I believe it’s vital that Little Rock continue engaging voices beyond the city’s traditional reservoirs of influence, its Chamber of Commerce, its clubhouses and boards. If Little Rockians don’t continue the work begun in the spirit of reclaiming local control of its schools by the #OneLRSD movement, if we don’t recognize what’s happening within our schools as an encroachment of privatization against the dynamism a city such as this can produce, its citizens will miss this opportunity to forge new points of connection, new occasions to experience empathy and connect. The breadth of fellow citizens I’ve seen working on behalf of the #OneLRSD movement has awed me. The vigor of direct action and demonstration has forced us beyond long prevailing niceties, beyond the stiff air of parliamentary procedure that hangs over the capital city.

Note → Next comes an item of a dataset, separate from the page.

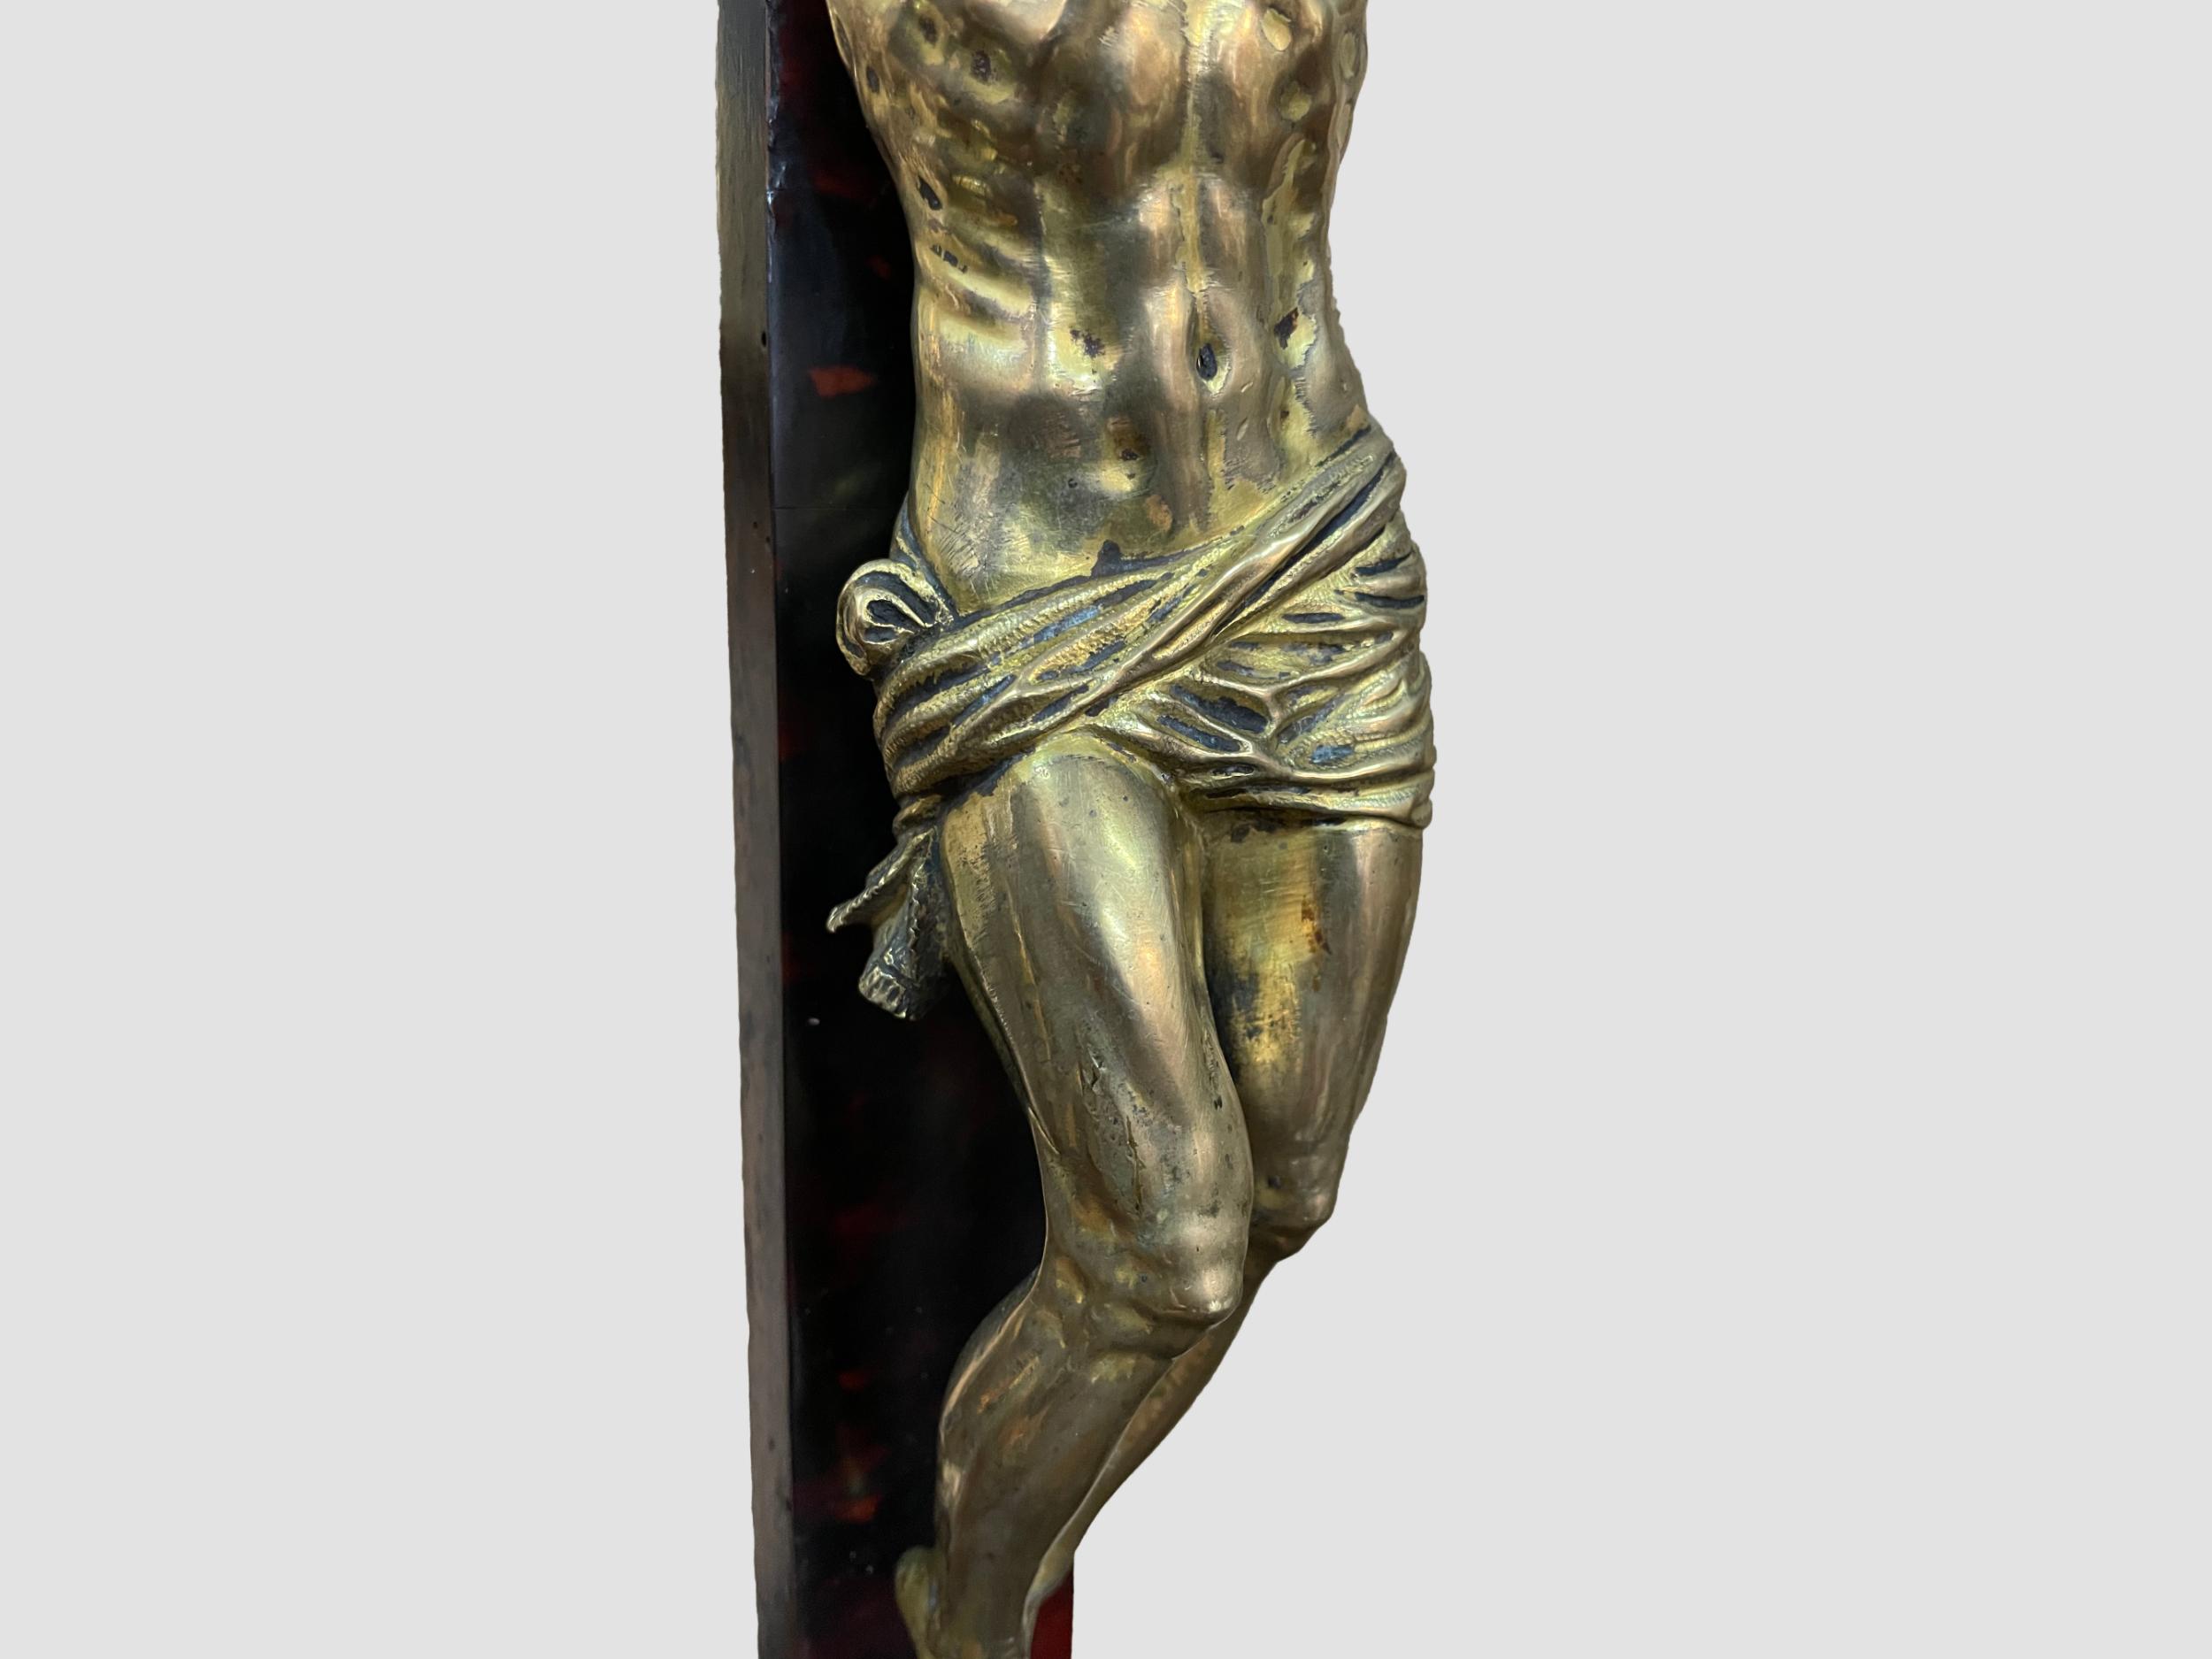 Corpus Christi, Savero da Ravenna 1496-1538 (Umkreis), Bronze - Image 9 of 9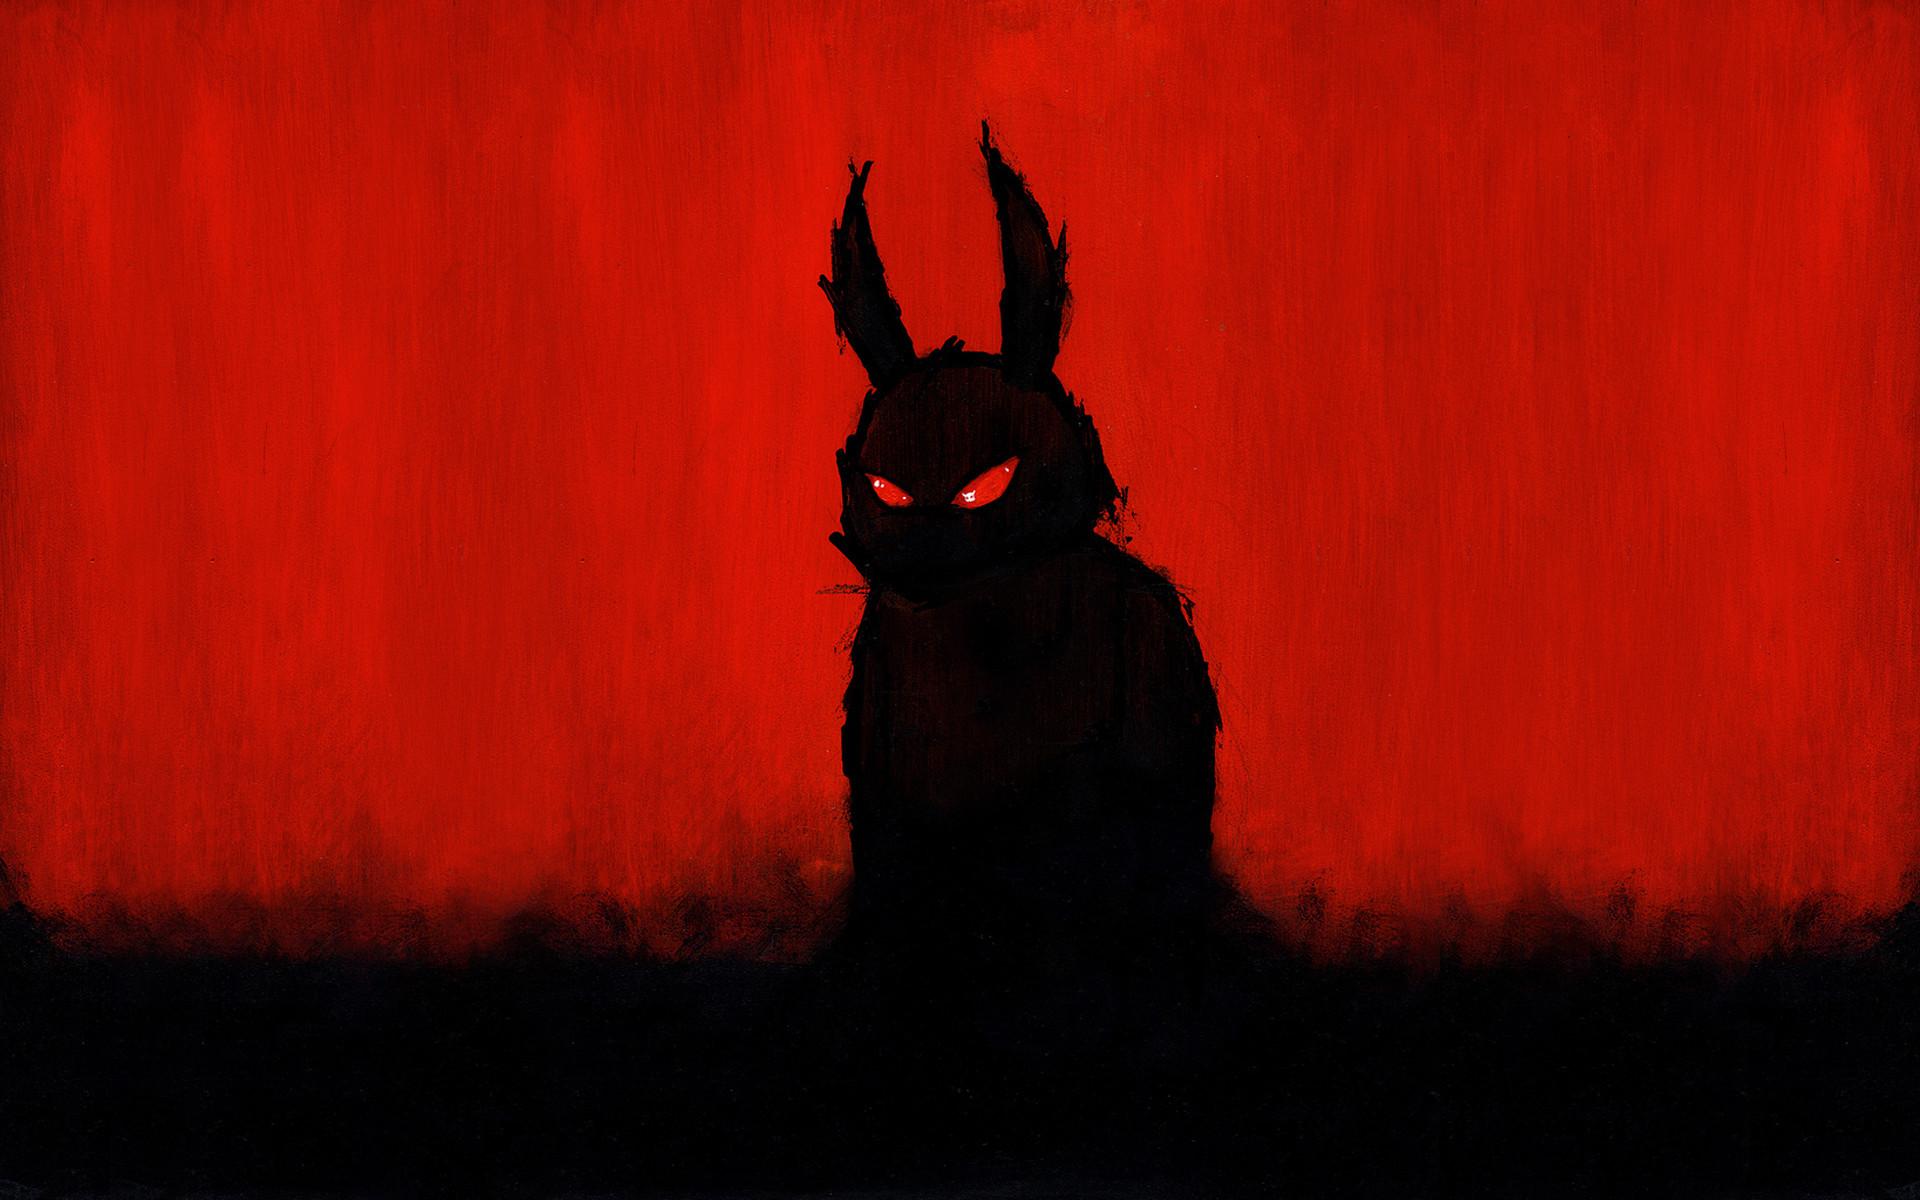 Evil Red Drawing Creepy Monster Rabbit Halloween Wallpaper At Dark  Wallpapers

That same fervor to gather and work collectively should pervade so many other facets of our lives, influencing decisions about the designated uses of public space, the development of retail, recreational and residential space, and more generally, emboldening us to continue working toward a more honest dialogue.

Because the social world I inhabit traverses such a stark racial and socio-economic boundary, I know how difficult forging bonds beyond one’s immediate sphere can be. I often review the exchanges I engage in regarding race and class and find ways to critique myself for being overzealous, or self-righteous, or lacking necessary patience and sympathy. Still, they always seem necessary, and fortunately, this city’s schools created an environment where I came to know people from communities different from my own willing to engage in these exchanges.

I no longer see those public-school bumper stickers around the city, and I fear their disappearance signals that our hearts are no longer in integration, because other priorities—that of the nuclear family, achievement, self interest—have superseded community. But the inclusive spirit they once broadcast deserves echoing still. Otherwise, the sentiment they hoped to project, the invocation to embrace and nurture others being rattled on placards and barked through megaphones, might also vanish from our lives.